J'entendis le bip de fin d'appel de mon téléphone sans même regarder l'écran puisque mon bras tomba le long de mon corps comme s'il pesait soudain trois tonnes.

Je mis un pied devant l'autre et fis un pas, avant d'en faire un suivant, puis me précipitai à l'angle d'une rue, sous la lumière d'un lampadaire qui soudain éclaira l'obscurité tel un phare dans la nuit.

J'aurais pu reconnaitre le pelage de Hresvelg entre milles, ainsi que sa petite patte blanche recouverte de longues mèches qui avaient exactement la même teinte neigeuse. Je trouvai cette couleur magnifique sur les flammes vermeilles… La petite chose se blottissait entre les doigts fins et gantés.

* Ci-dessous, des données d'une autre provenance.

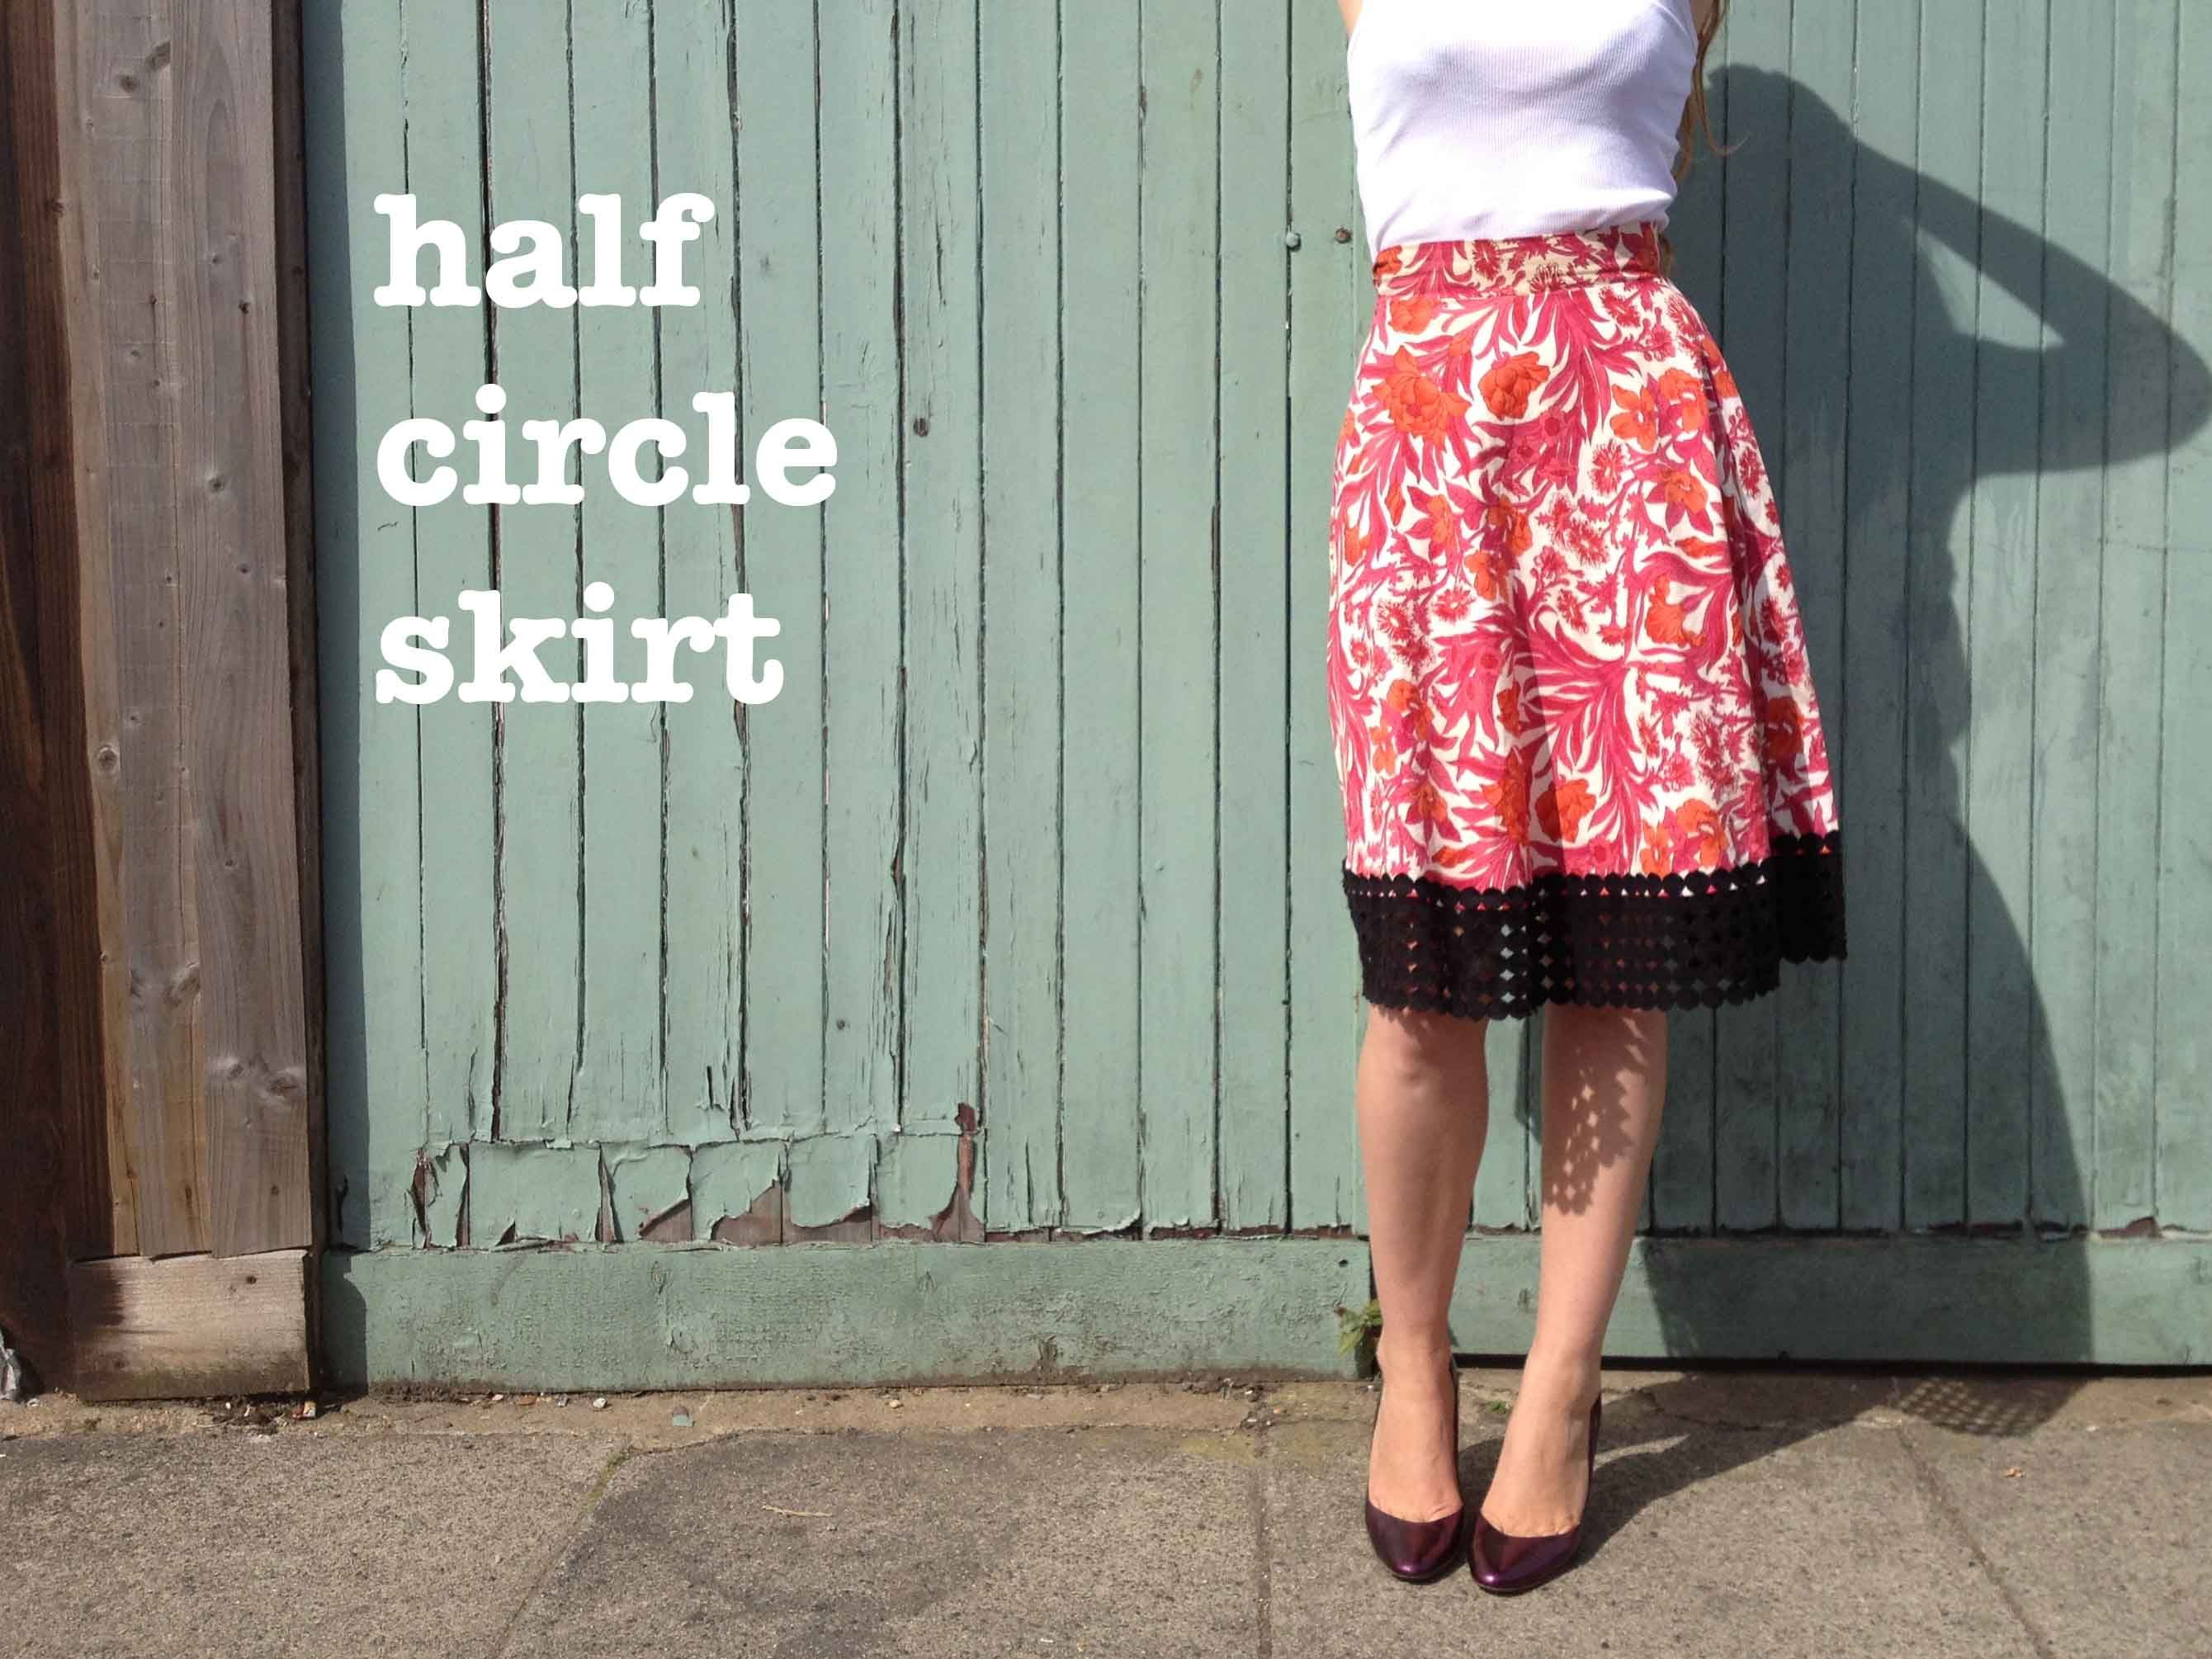 Circle skirt maths - explained! | Pinterest | Circle skirts, Circle ...
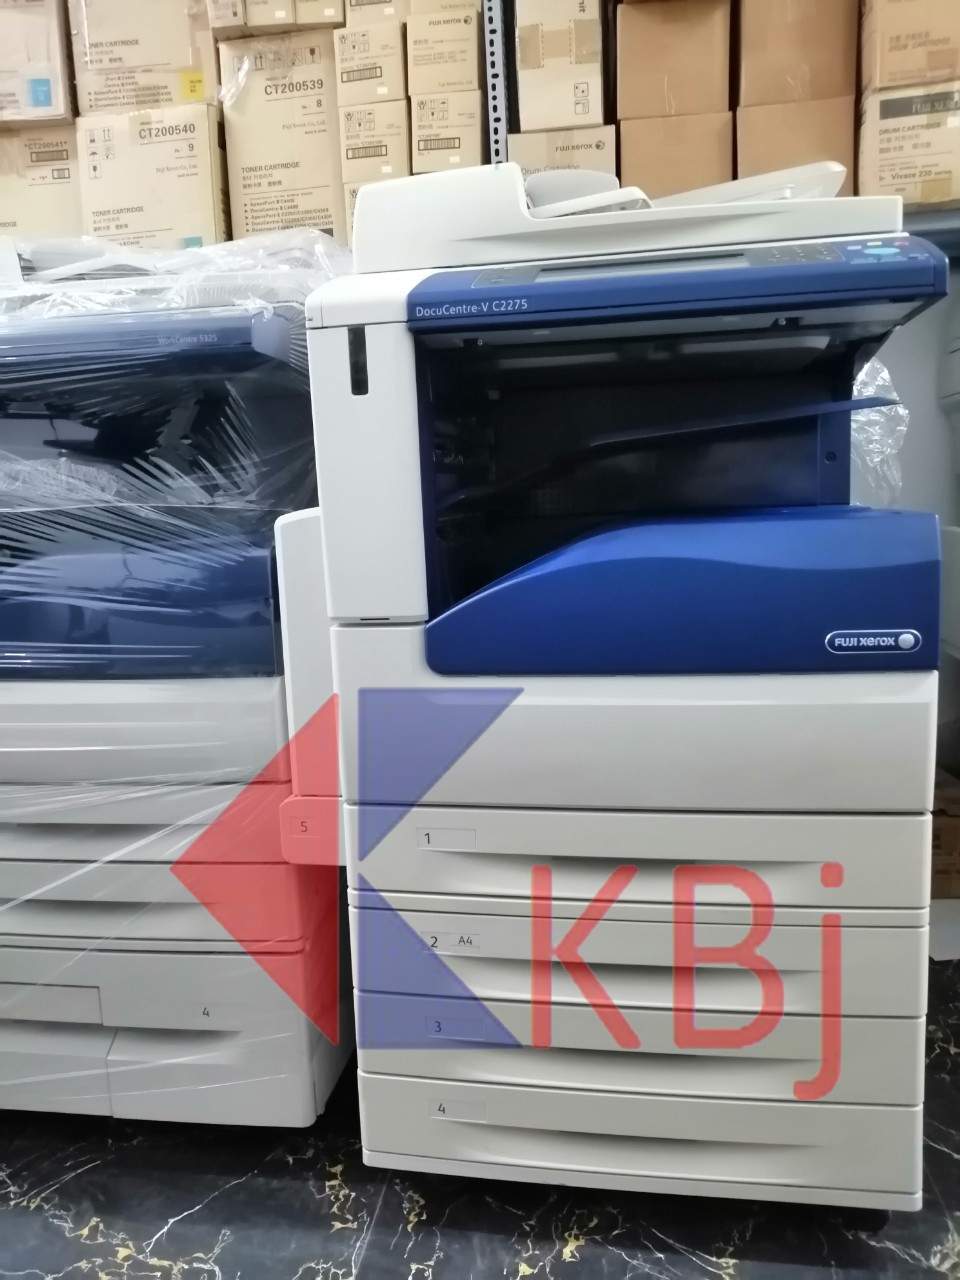 Fuji Xerox DocuCentre-V C2275/C3373/C3375

—E- Edelgard… articulai-je le souffle court en m'arrêtant dans ma course.

—Professeure, je…

Le temps d'une seconde, je vis son regard parme s'agrandir mais son intensité me fut soustraite au moment où mes jambes reprirent leur course et que mes bras se refermèrent. La chaleur qui se dégagea la seconde suivante fut plus apaisante qu'un feu de bois lors d'un blizzard. Je fermai alors les yeux sur les flocons de neiges qui reposaient sur cette toile faite de flammes.

—Professeure… répéta l'Aigle de Jais captive de mon étreinte. Tout va bien…

Sa voix parvenait à mes oreilles et le reste du monde se tût. J'avais besoin de quelques secondes, les enveloppant, tous les deux. Quelques secondes seulement. Le temps que mon cœur ne se calme, si c'était bien le mien qui battait aussi fort.

Je cru bien le perdre, ce soir là. Je cru bien le perdre, encore une fois. Comme je l'avais déjà perdue elle.